Bonds seem to have found a top in yields as the 4% 10 year yield area has lots of resistance, going back to 2009 and 2010, and is close enough to the terminal rate of this rate hiking cycle to attract fixed income buyers.  The stock market rally on Monday and Tuesday is largely based on the hopium of the Fed being less hawkish based on bad news like Credit Suisse, gilt market last week, and a disappointing ISM number.  But it looks like the stock market is running with that hopium a lot more than the bond market, which has given back most of its gains that it made earlier this week.  It once again reaffirms the belief that the stock bulls are still clinging to hopes of a "strong" bear market rally, like what you saw from June to August, while the bond bulls have mostly been extinguished and are reluctant to buy the hope of a Fed pivot until they actually see much weaker econ. data come through.  

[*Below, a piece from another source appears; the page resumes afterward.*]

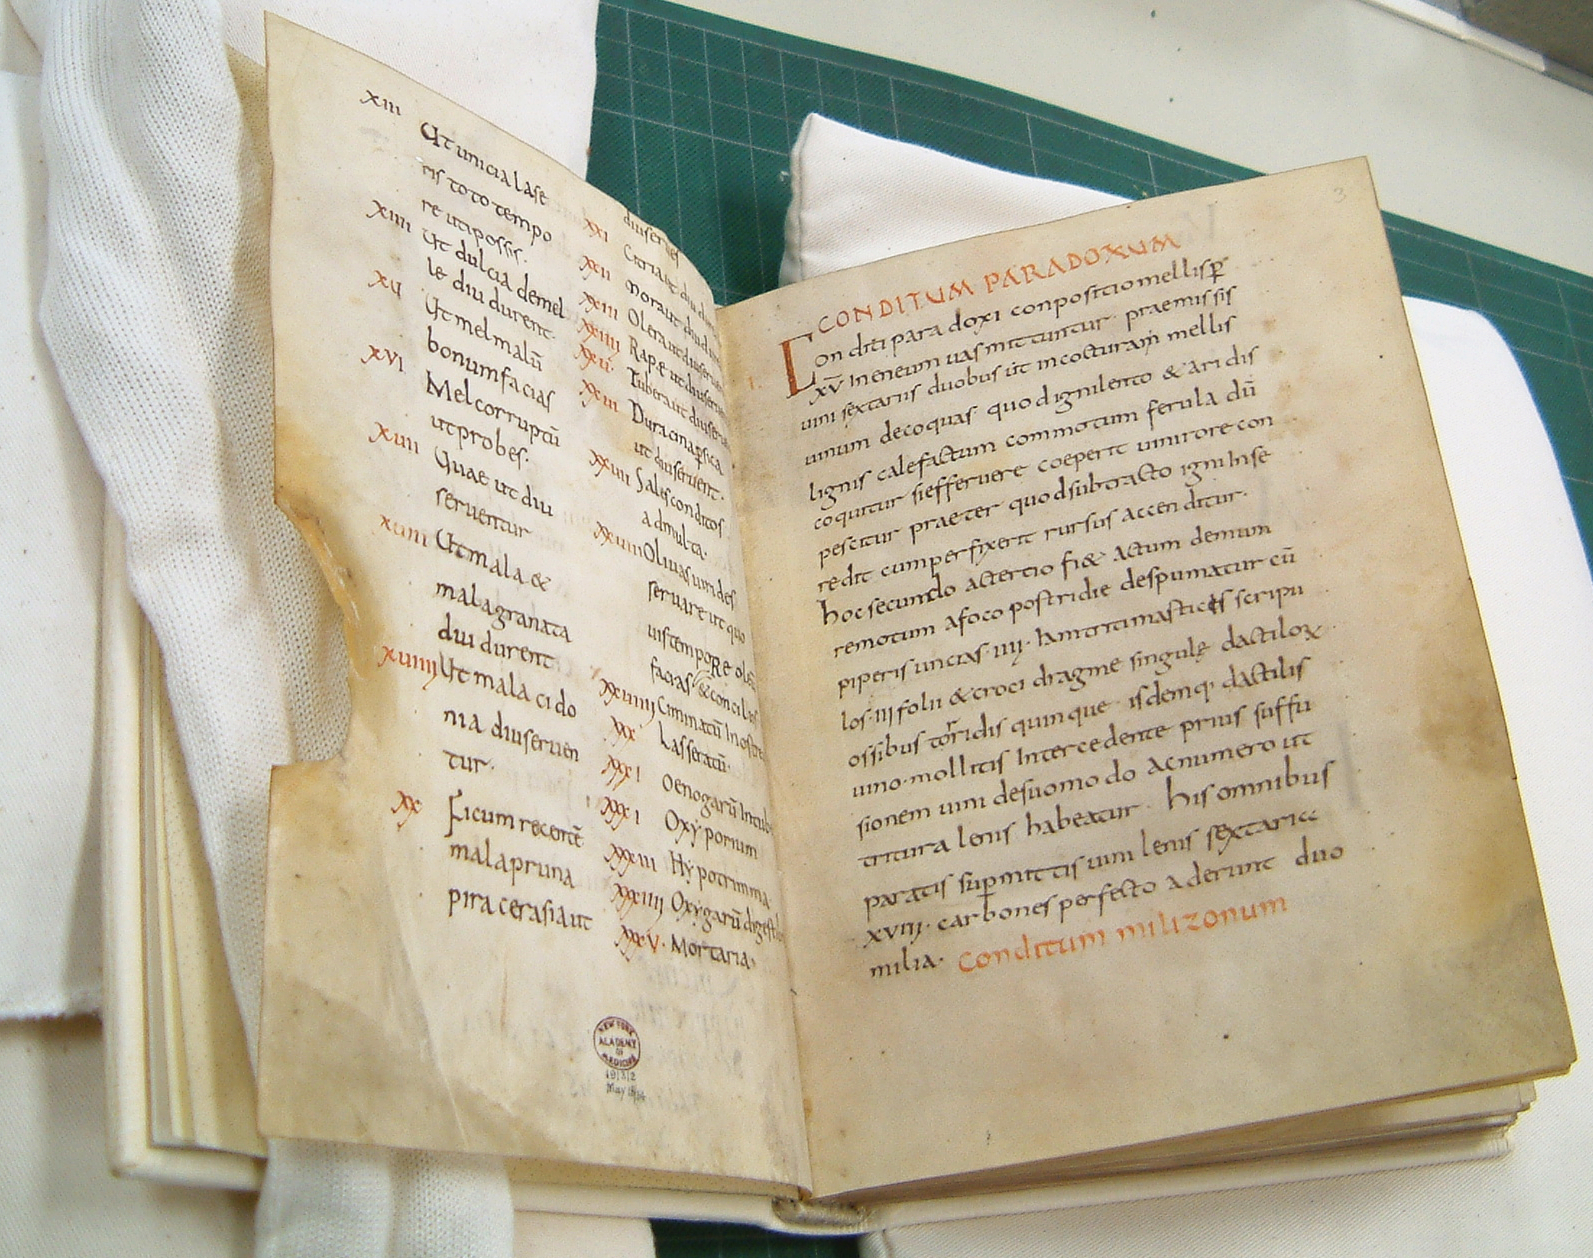 Az Apicius nevű szerzőnek tulajdonított mű, a De re culinaria vagy De re coquinaria kézirata i. sz. 900-ból

Re-shorted what I covered on Friday into the rally on Tuesday.  Keeping it simple.  Covering on deep dips to free up cash to sell short term rips.  With nonfarm payrolls on Friday and CPI next Thursday, expecting investors to be reluctant to pay up going into those data points. 

9 comments:

Anonymous said...

Do you worry about a big risk of a crazy rally given how the market made a come back today? Even a slow grind up can be painful for shorts

Market Owl said...

Its possible, if it got back to 4000 I would be surprised. Can’t rule anything out. I will probablu trim some shorts ahead of CPI next Thursday. But want to maintain some shorts especially in retail favorite names.

Anonymous said...

What are those names? Is there a chance retail is shorting those ?

Market Owl said...

TSLA, and have some small cap pump and dump shorts.

MM111 said...

Just enjoying watching all the flip floppers flip from bull to bear again.

MM111 said...

Wow relentlessly down. Poor bulls. Was hoping for a bit more to the upside, vix down to the mid 20's, and then they would push it down from there because those bulls can be vicious. Almost entire up move retraced. Good call MO.

Market Owl said...

Covered some shorts middday. Will cover the rest on Monday/Tuesday ahead of CPI.

Anonymous said...

How are you going to tie a U-haul to back of your hearst?

Can't take it with you. Rich or poor, in a nuclear holocaust, everything burns. Oh shit

Market Owl said...

No point in worrying about a nuclear holocaust. I am an optimist on that worry. I think Putin is done within 6 mo. Nuke or no nuke.